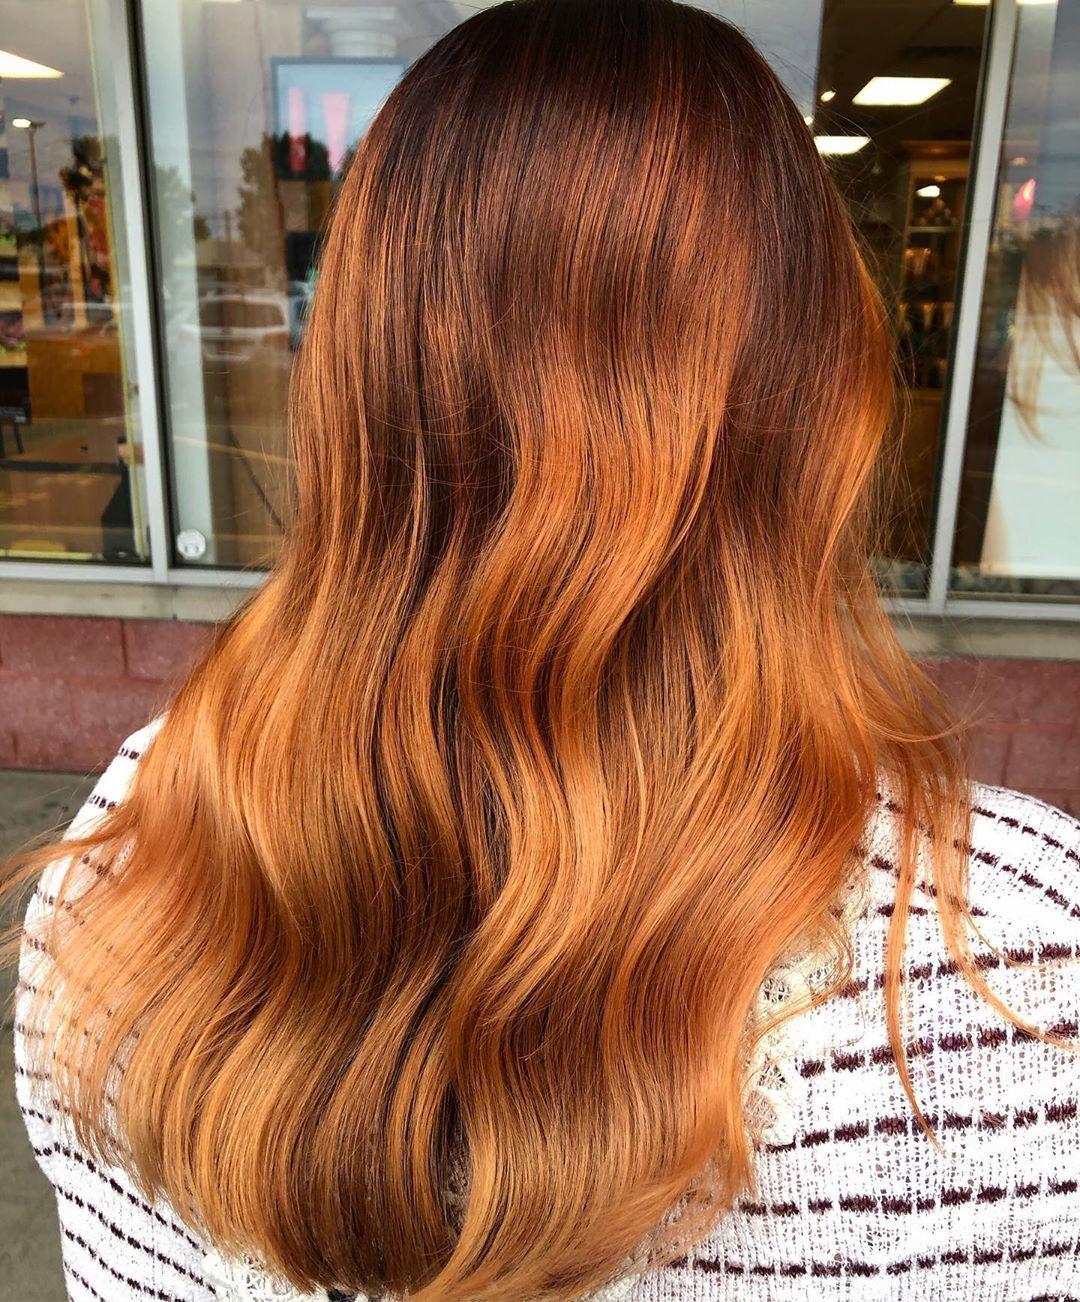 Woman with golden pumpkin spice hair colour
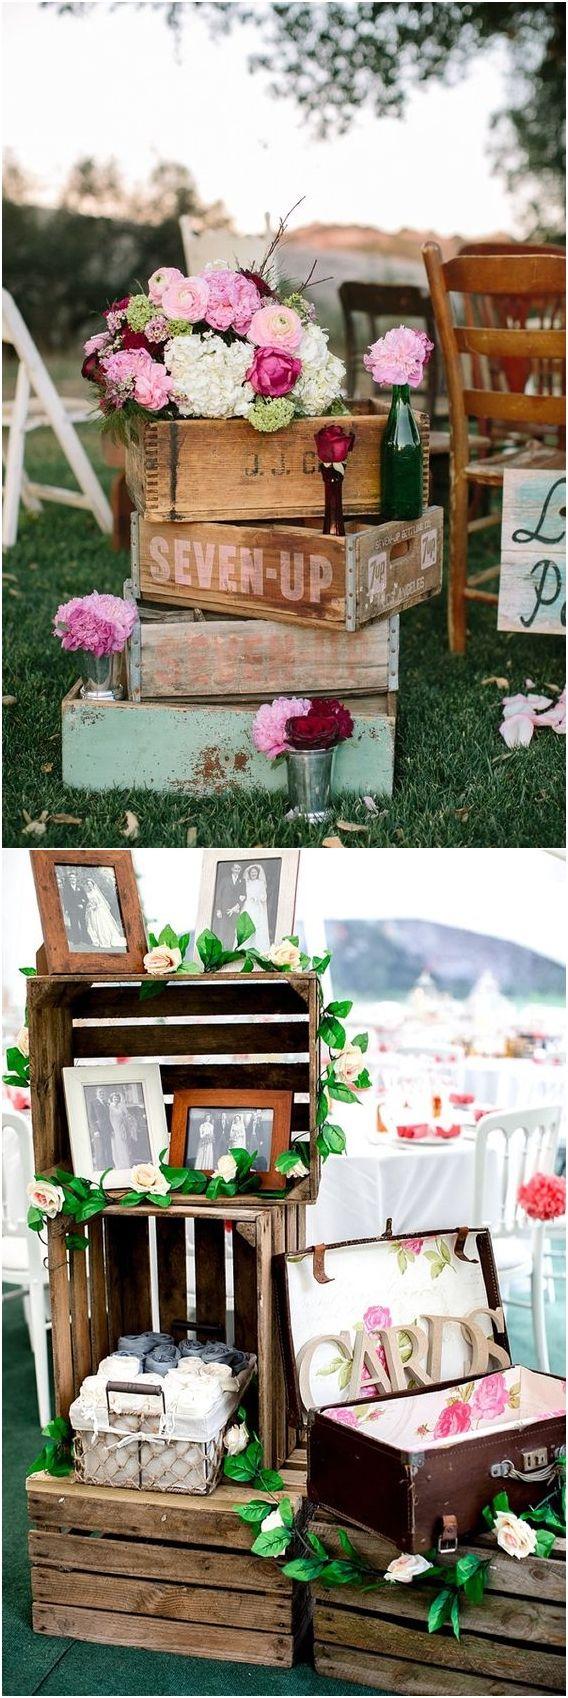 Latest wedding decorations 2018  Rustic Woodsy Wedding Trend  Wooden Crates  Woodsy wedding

---

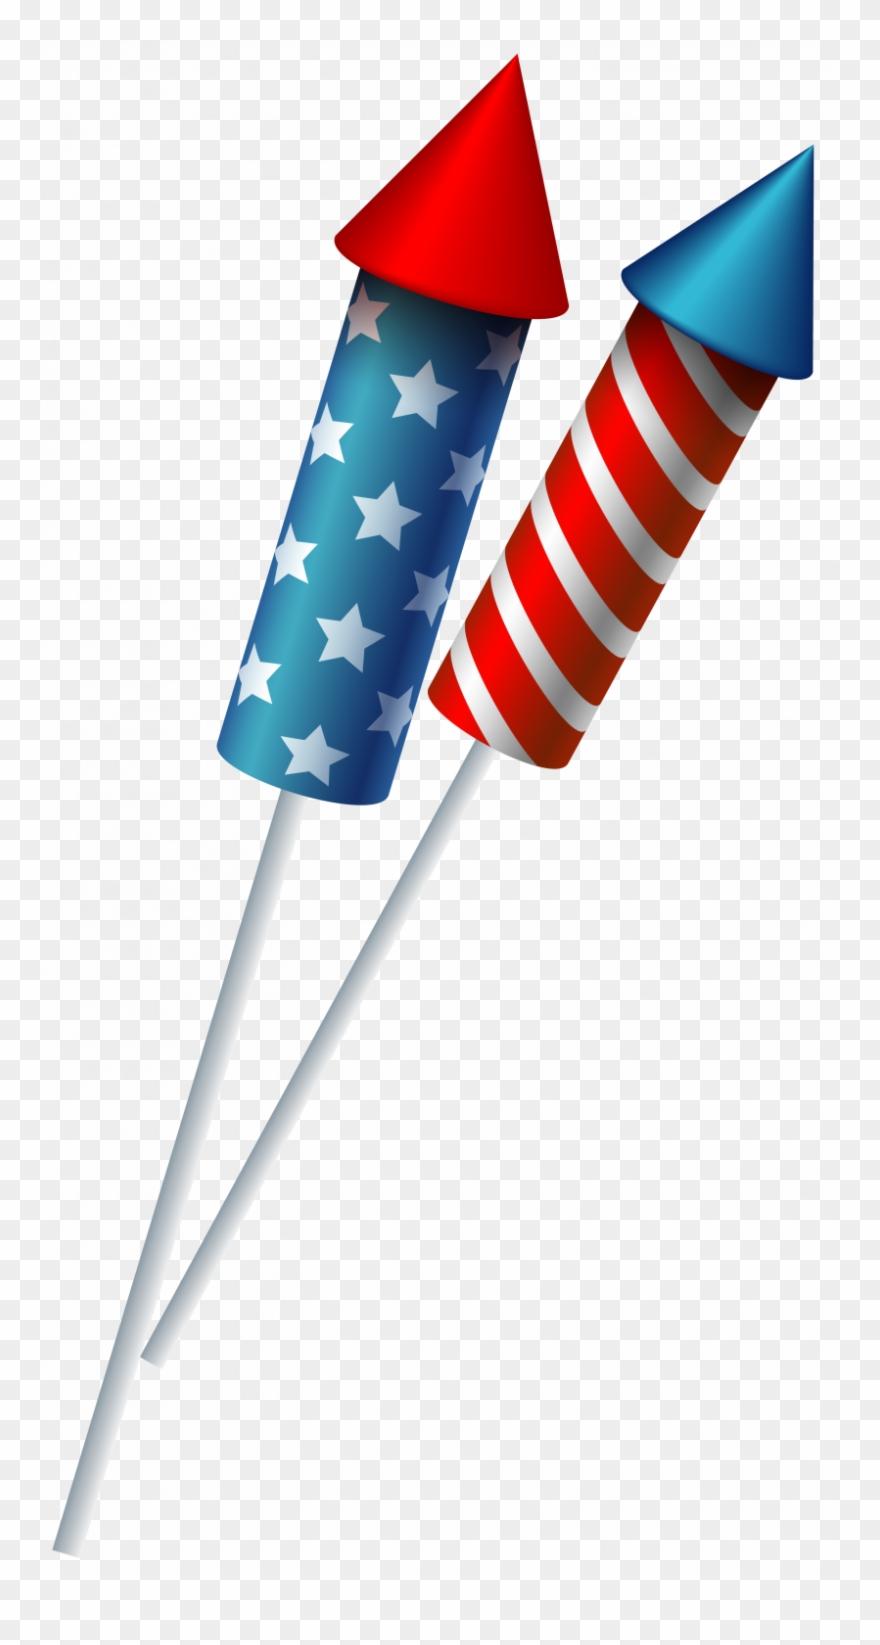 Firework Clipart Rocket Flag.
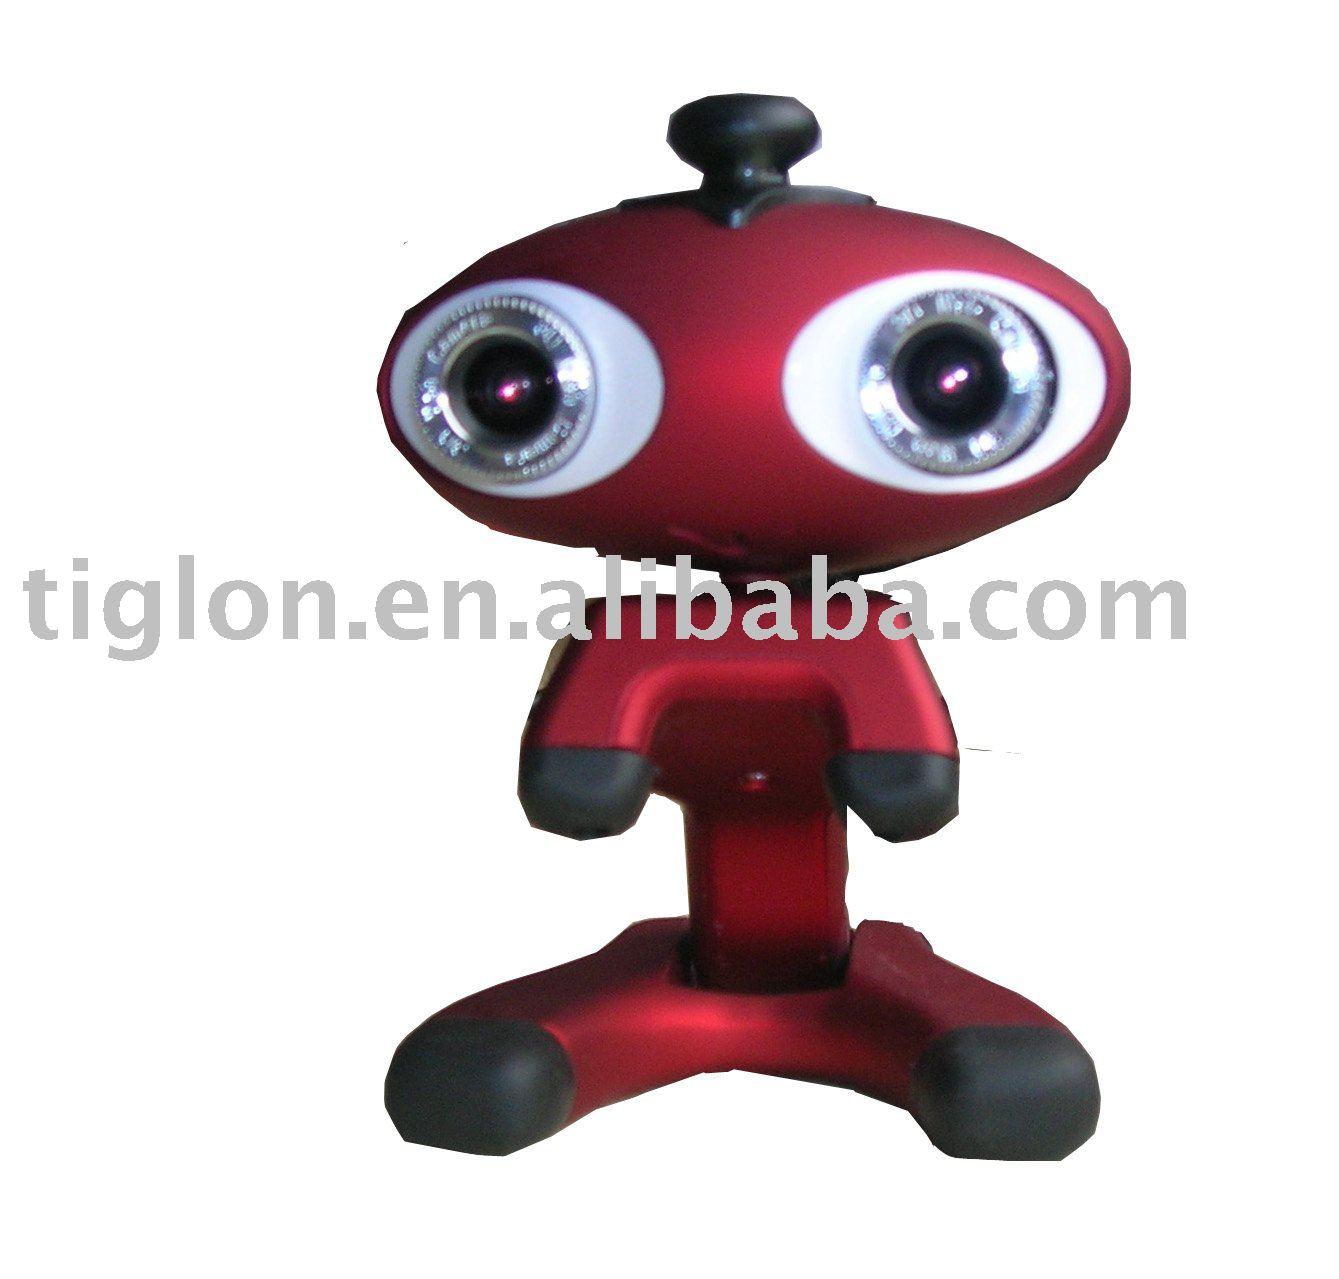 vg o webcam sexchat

---

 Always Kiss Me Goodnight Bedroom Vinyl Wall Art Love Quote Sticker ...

▶ THE PROBLEM
Reproduce, word for word, only the lines in the records above from the line with "Woman with golden pumpkin spice hair colour" through the line with "Latest wedding decorations", including both ends; omit the pictures.

▶ TASK RESPONSE
 Woman with golden pumpkin spice hair colour
 Latest wedding decorations 2018  Rustic Woodsy Wedding Trend  Wooden Crates  Woodsy wedding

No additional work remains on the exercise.